The file is added using the path relative to the scan dir.
Thus, there’s an assumption that the scanned files are organized according to the standard Antora structure (e.g., modules/ROOT/pages/generated.adoc).
The into
key allows this assumption to be broken.
If the files are not organized as an Antora content root, they can be remapped using the scan configuration.
The into
key specifies a path to prepend to the relative path of all files discovered by the current scan operation.
This path should be a relative directory and /
should be used to separator path segments (since it represents a virtual path) (e.g., modules/ROOT/pages).
This value is prepended as a base directory path to the relative virtual path of every scanned file.
This key is not set by default.
For example:
scan:
dir: build/pages
into: modules/ROOT/pages
The into
key accepts a base path as a string or a map.
When the value is a map, can also be used to specify the target component name and/or version.
By using the into
key, the scanned files do not have to be organized according to the standard Antora structure.
Instead, the relative path is synthetic.
Target a different component version bucket
The into
key also provides a way to import the files into a component version bucket that’s different from the one in which Collector is running.

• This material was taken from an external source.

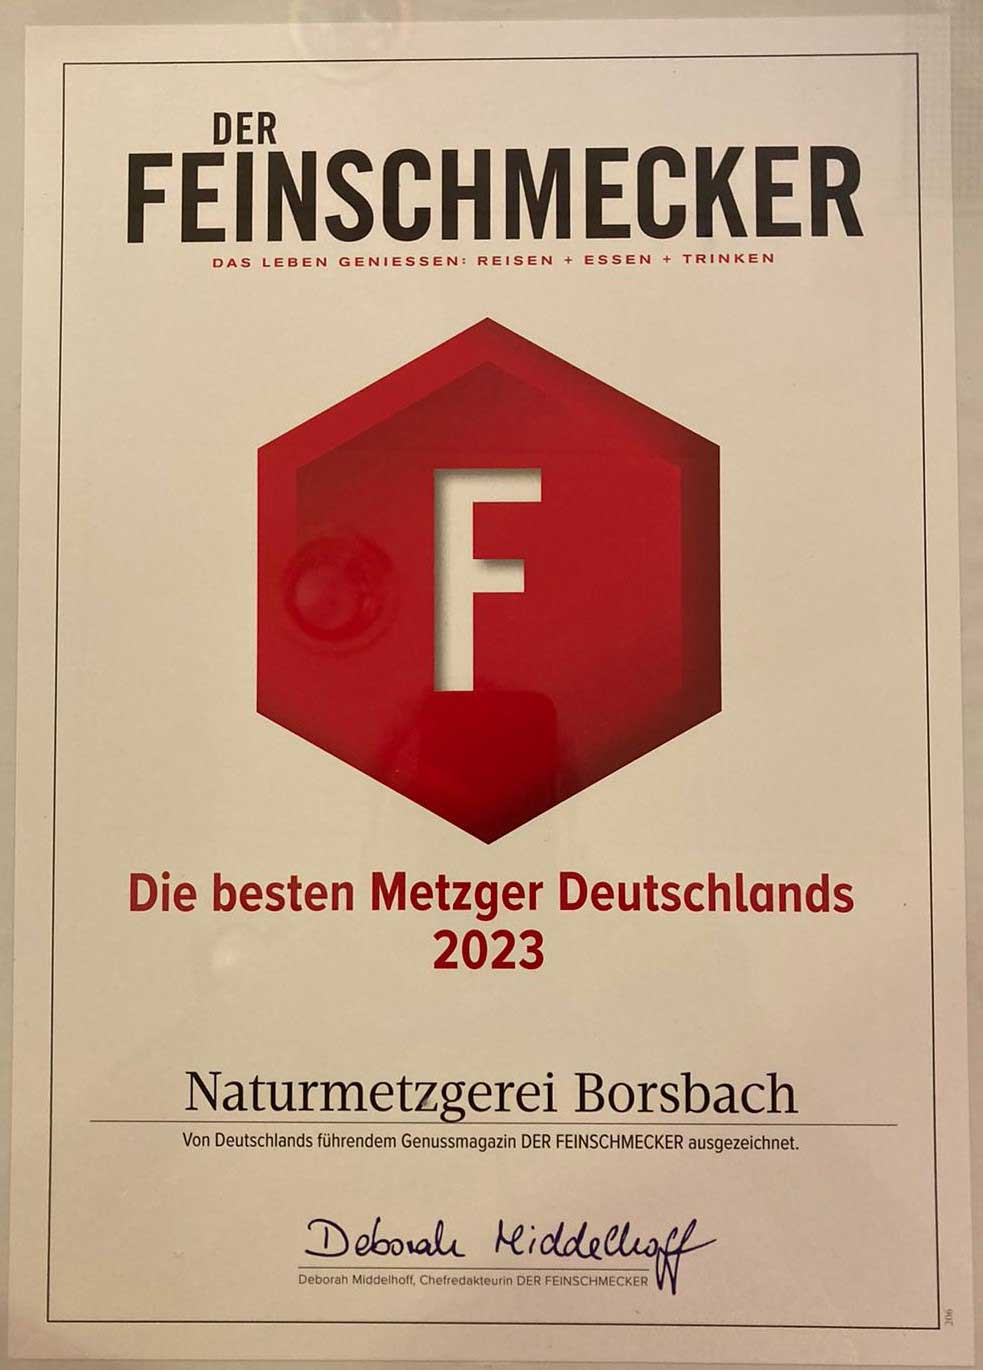 Das Feinschmecker-Zertifikat für die besten Metzger Deutschlands 2019/20

To do so, the value of the into
key must be a map.
Acceptable keys when the value of the into
key is a map are listed in the table below.
Key | Default | Type | Description |
---|---|---|---|
|
undefined |
String |
The name of the target component version. |
|
undefined |
String |
The version of the target component version. |
|
empty |
String (a base path) |
The base path to prepend to imported files. |
The name and/or version of the target component version bucket can be specified using the name
and version
keys, respectively.
(If only one of the keys is specified, the value of the other key inherits from the current component version descriptor).
For example:
scan:
dir: build/apidocs
into:
name: apidocs
version: ~
The same can be achieved by specifying the target name and version in a scanned antora.yml file and also setting the create: true
key.
In this case, the into
key is not needed on the scan action.
For example:
name: apidocs
version: ~
create: true
Setting the create: true
key in the generated antora.yml file tells Collector to use the target bucket, creating it if necessary, instead of updating the identity of the current bucket.
If you want to prepend a base directory path to the files while also specifying a target component version bucket, the path should be specified in the dir
key.
For example:
scan:
dir: build/apidocs
into:
name: apidocs
version: ~
dir: modules/ROOT/attachments
The dir
key is effectively the same as an into
key with a string value, except that a target component version bucket is also specified.
clean key
If the clean
key is set to true
on the entry, that implicitly creates a separate clean entry using the same dir.
The clean is scoped to the current step (the same step that defines the run
key).
The clean action is only needed in the following two cases:
-
The Collector instance is running on an existing worktree. The worktree may have build files generated from a separate process or from a Collector instance from a previous Antora run. If you want to ensure that no residual files are discovered, the scan directory (and possibly other directories) should be cleaned.
-
The temporary worktree for the Collector instance is kept indefinitely. In this case, the Collector instance will be recycling a worktree it has used on a previous Antora run and thus may require cleaning.
If Collector creates a new worktree in which to run the Collector instance, there’s usually no need to clean. However, if the Collector instance has multiple steps, and those steps generate files into the same scan directory, it may be necessary to clean the scan directory at the start of each step. You’ll need to put some thought into when you want the scan directory to be cleaned.